[Loki Distributed] Control egress traffic for remote storage

We have installed a Loki Distributed stack (Helm chart v0.56.6) that works with GCS as remote storage.

We noticed that the egress traffic for the corresponding bucket increased significantly and is causing continuously high costs.
Now we are looking for settings to control or reduce this.

After numerous tests we found out that we apparently only have to increase the compression interval for the compactor: from originally 2 minutes now to 2 hours has a strong reduction as a result.

      shared_store: gcs
      compaction_interval: 2h
      retention_enabled: true
      retention_delete_delay: 2h


Trying to understand: Could someone explain to us why this is? Why does increasing the interval for the Compactor result in a continuous reduction in egress traffic?

And beside that: Could there be problems with setting the compression interval so high?

It’s explained in pretty good detail here:

Essentially, each of the writer produces an index file of their own. Compactor takes all of them, merge and dedupe, and then produce a new index file. So at minimum you’d have 2 + (NUM_WRITER * 2) number of API calls to GCS, and if you run it often enough that’ll probably stack up quickly (admittedly I haven’t looked into GCS’s cost model…)

Thanks a lot @tonyswumac!

In essence, I meant more the egress traffic from GCS back to our cluster. This always results in the most costs for remote storage.

Therefore I understand the logic of the Compactor and its actions within the cluster-internal Loki. But I don’t get why an increase of the ‘compaction_interval’ results in a reduction of the amount of data from the remote storage back to the cluster.

Do you have an explanation for this?

Perhaps I didn’t understand your original question well enough. Can you give a bit more context to what your original graph represented?

As for egress traffic, wouldn’t that be traffic outbound from your cluster? If so that might make sense, since shorter interval means more download of individual index files and then re-upload of compacted index files. But given that your Loki cluster is likely sending much much more data on chunks, I’d imagine an increase like that shouldn’t be very visible from the cost perspective.

As an example, we have roughly 1.5TB in our chunk storage, and our index is about 1GB. Let’s assume the ratio is the same for all chunk and index uploaded, if I were to increase our compactor frequency by 60 times it would be 60GB additional egress, which compared to the chunk storage it’s just not very noticeable.

Please excuse the inaccuracy in my first post. The graph is from GCS monitoring regarding outgoing traffic from the Loki bucket. The left part of the graph refers to a compaction interval of 2 minutes, the right one 2 hours.

We have about 1.5 TB chunks and 400MB index.

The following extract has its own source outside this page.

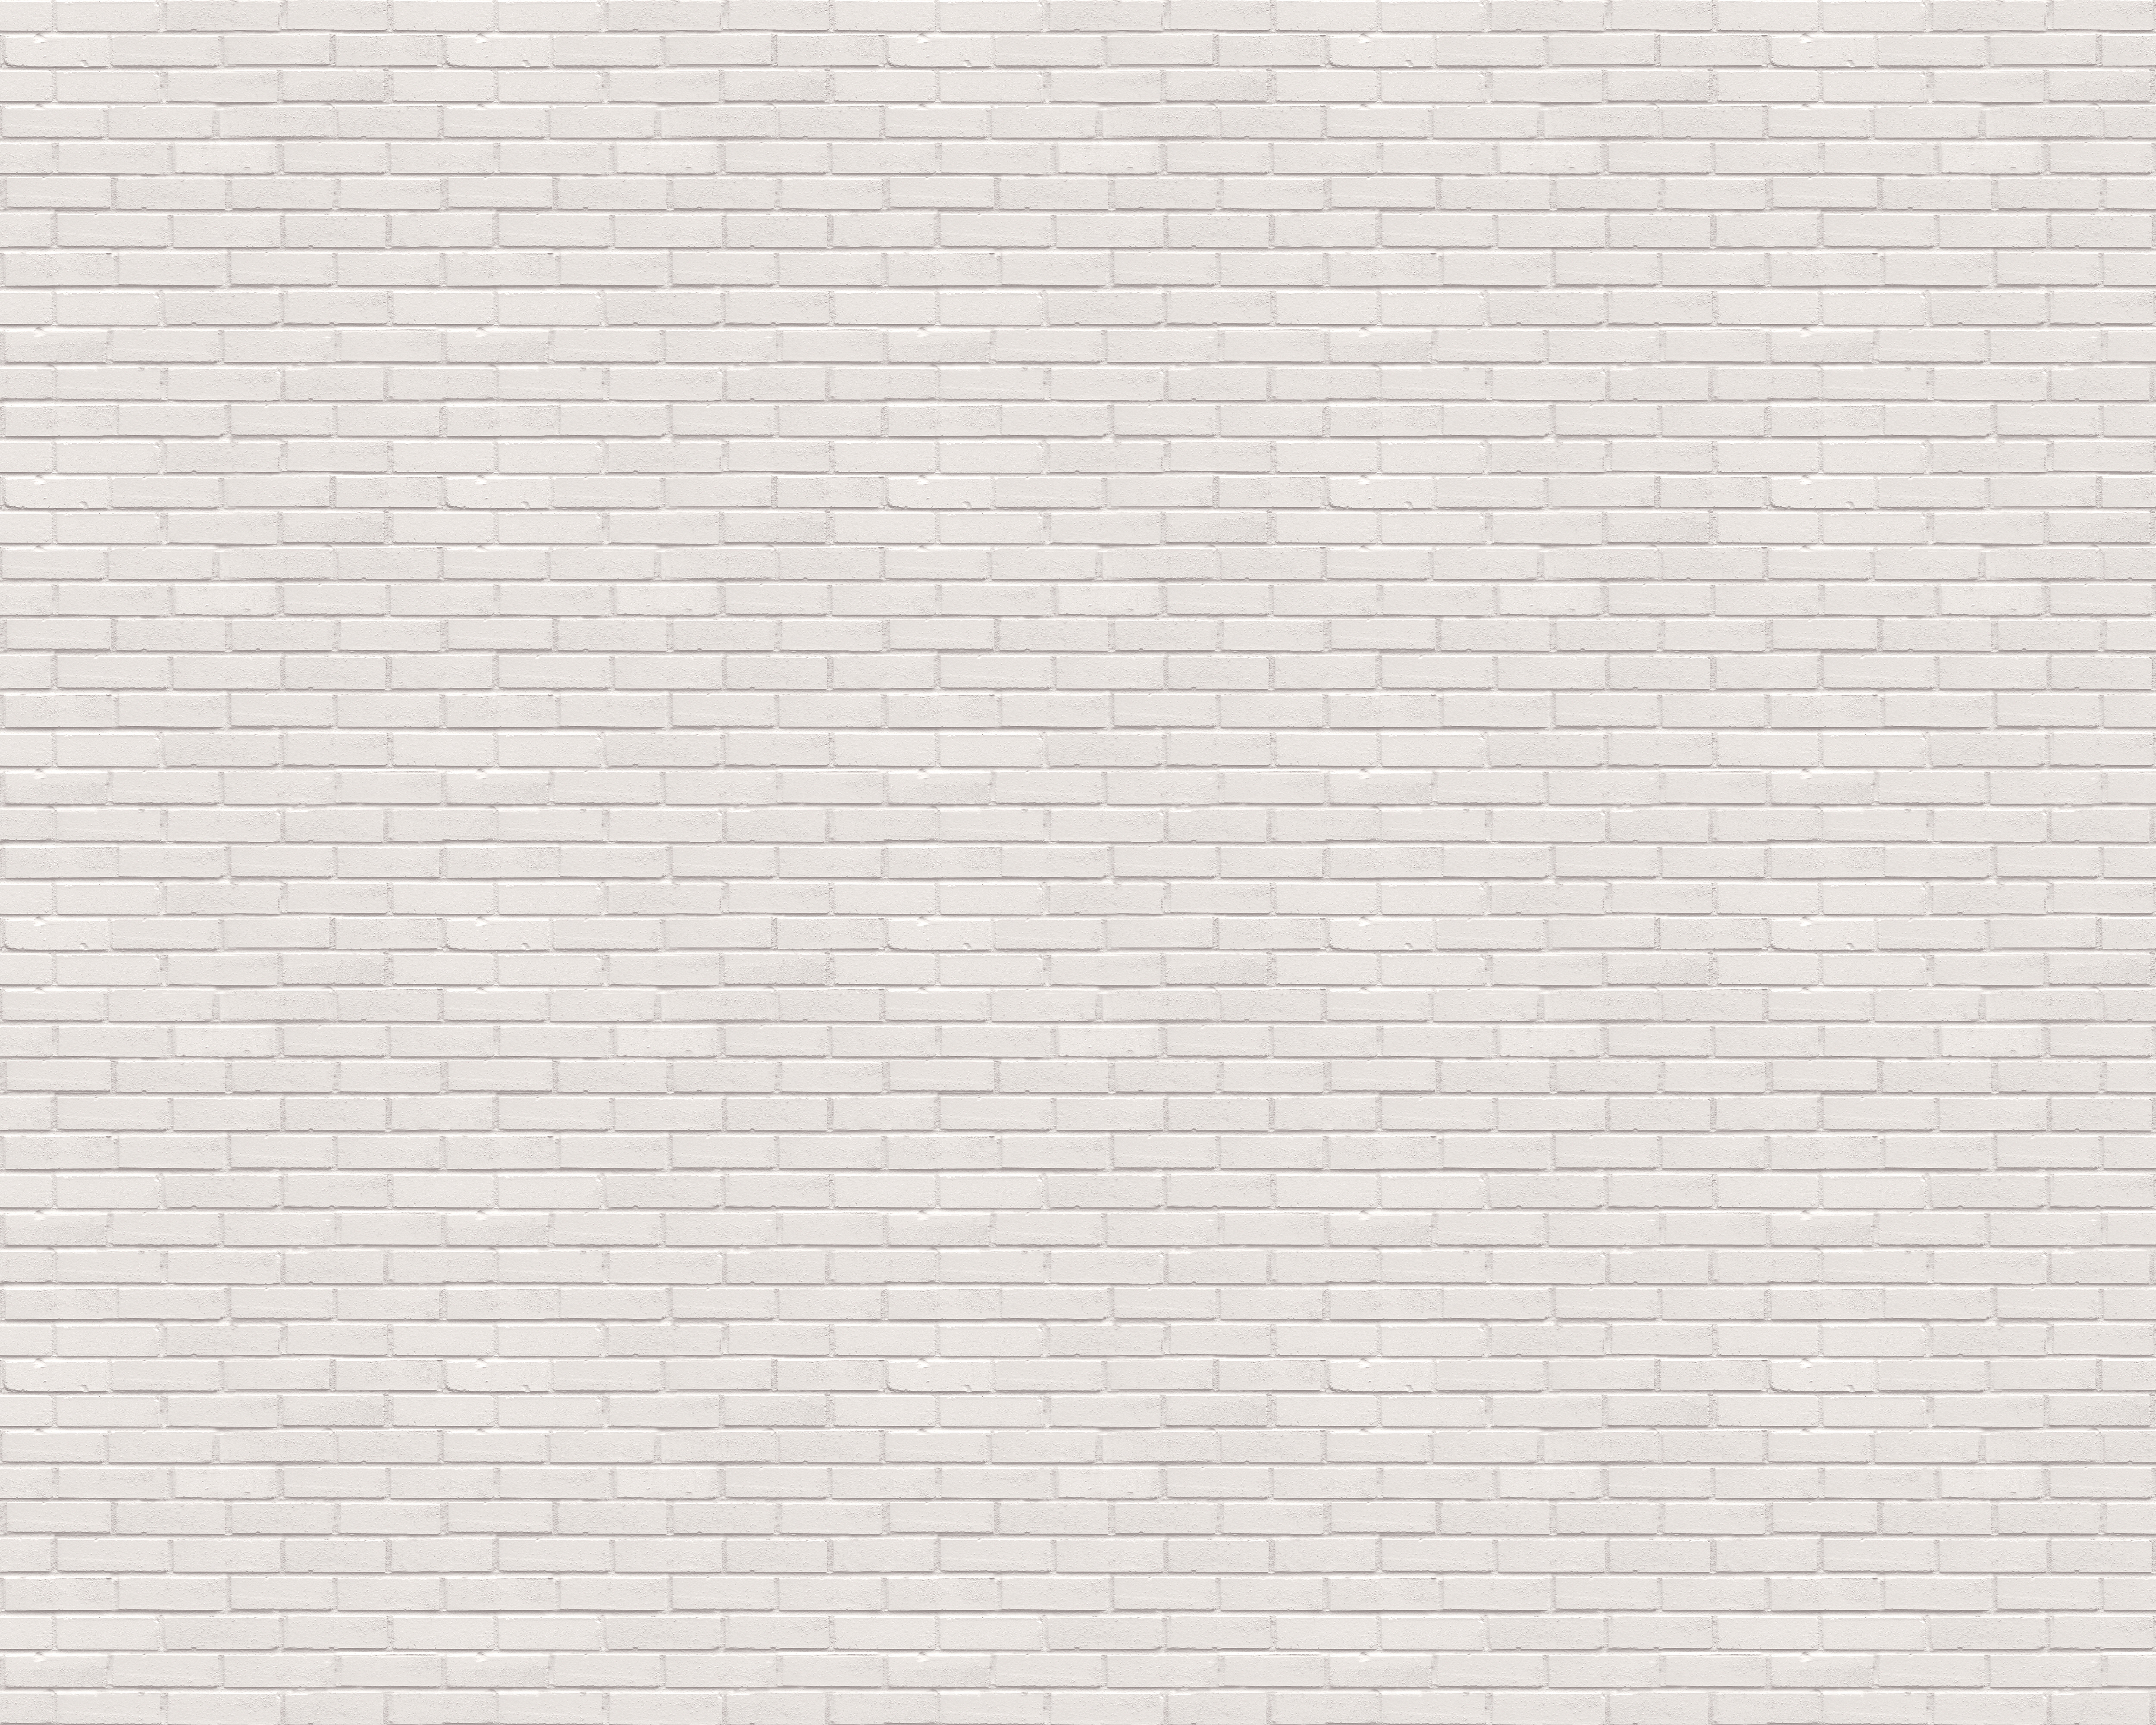 General 5000x4000 wall white background pattern bricks

It makes sense according to your explanation, of course, if with a lower interval the indexes have to be downloaded and uploaded again much more often.
The additional storage itself for more indexes is not the problem, but the additional traffic.

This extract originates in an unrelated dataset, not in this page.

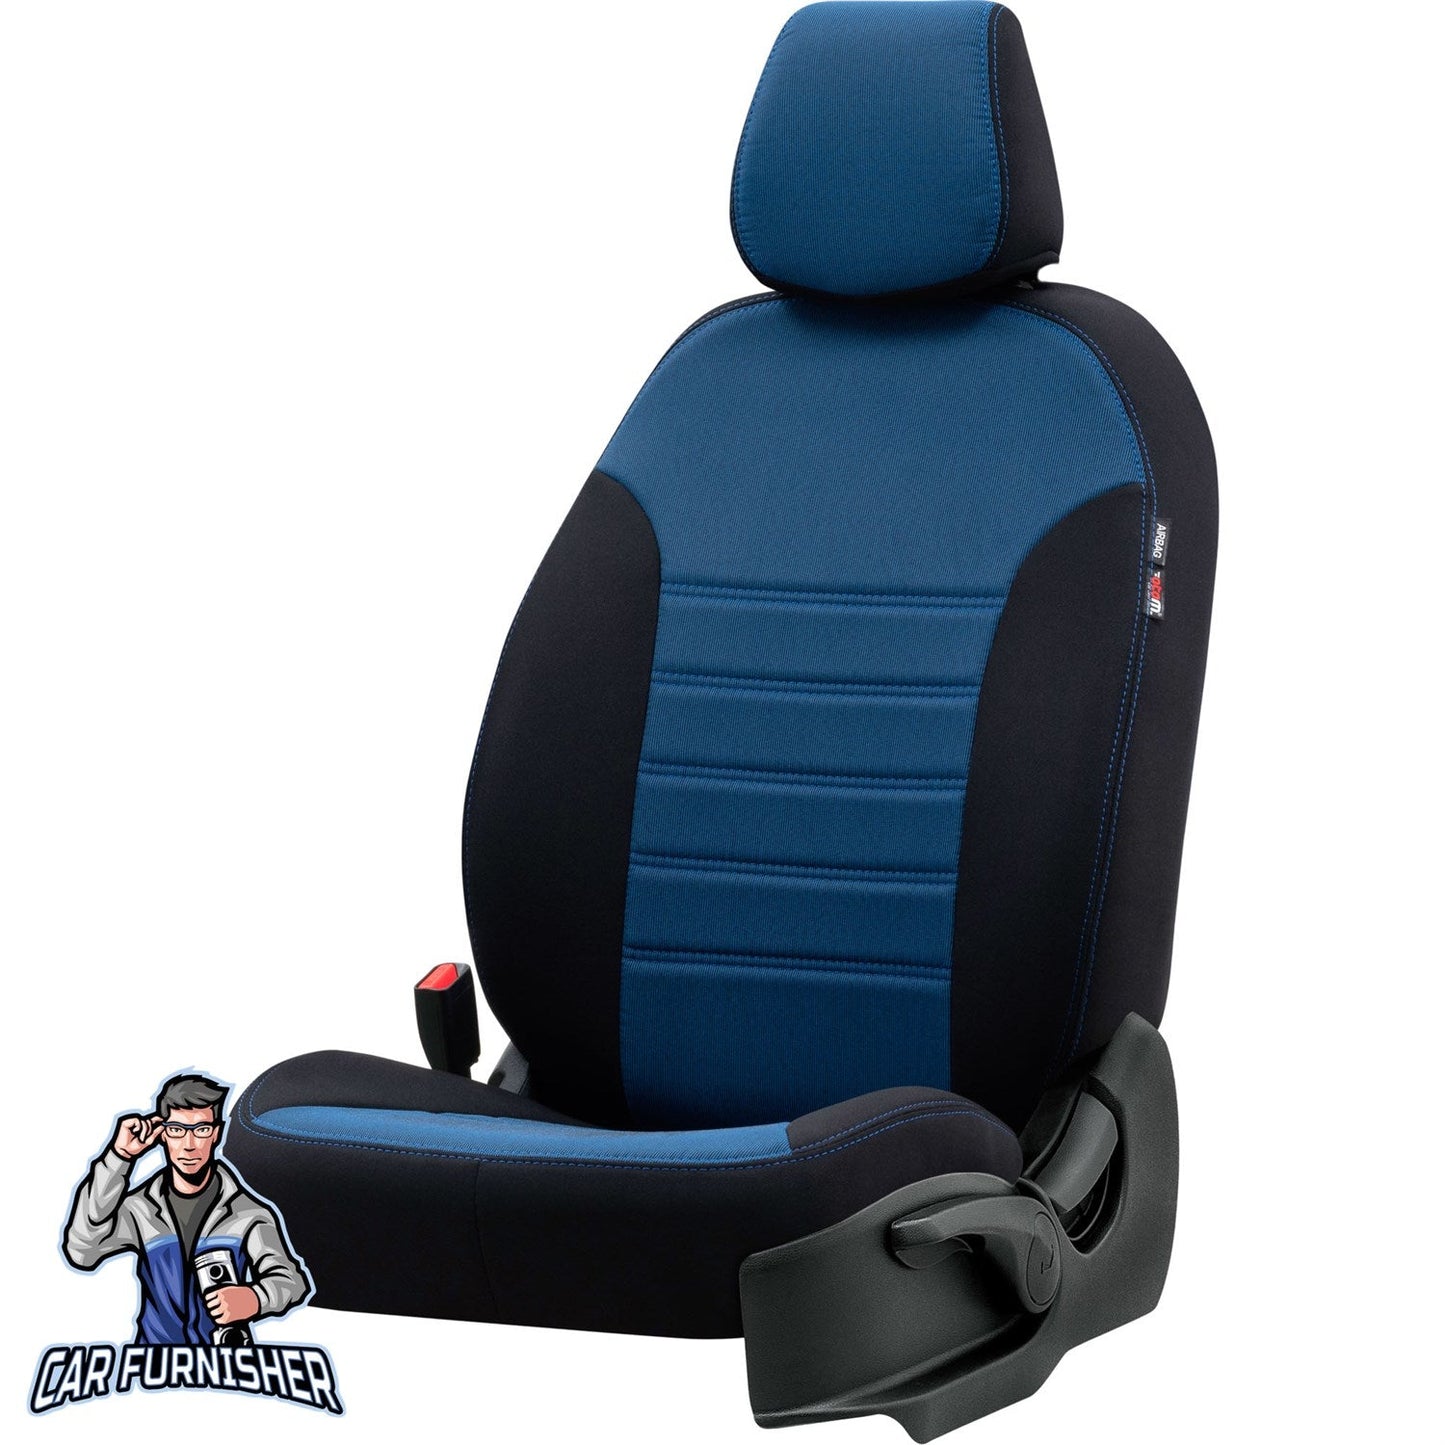 Volkswagen Scirocco Seat Cover Original Jacquard Design Blue Jacquard Fabric

All in all, I suspect that the default value of 2 minutes is set very unfavorably and it should be set much higher to keep the network traffic sent costs low.

I am just very unsure at this point, to what extent an interval of 2h can influence the performance for the Querier, for example. Do you have any experience here or any fundamental concerns?

We have the interval set to 1h, hasn’t been a problem for us. Another potential factor to consider is querier.query_ingesters_within, which we set to 2h. I hadn’t considered the interaction between these two configurations before, but now I wonder if there is merit to have query_ingesters_within set longer than interval.

But I’d say index compaction probably doesn’t need to be done all that often, especially if you have caching enabled, so I wouldn’t worry too much about setting it to 1h or 2h.

Thanks @tonyswumac !

Will try the 2h version.

I don’t think the constellation of these two settings could cause problems. Isn’t it even more optimal that query_ingesters_within is greater than compaction_interval, because this always compresses earlier than at the time of querying older logs behind query_ingesters_within? But I hope this is not too simple a thought.

I would agree, I just don’t know for sure. Still need to spend some time and read through some of the code at some point :stuck_out_tongue: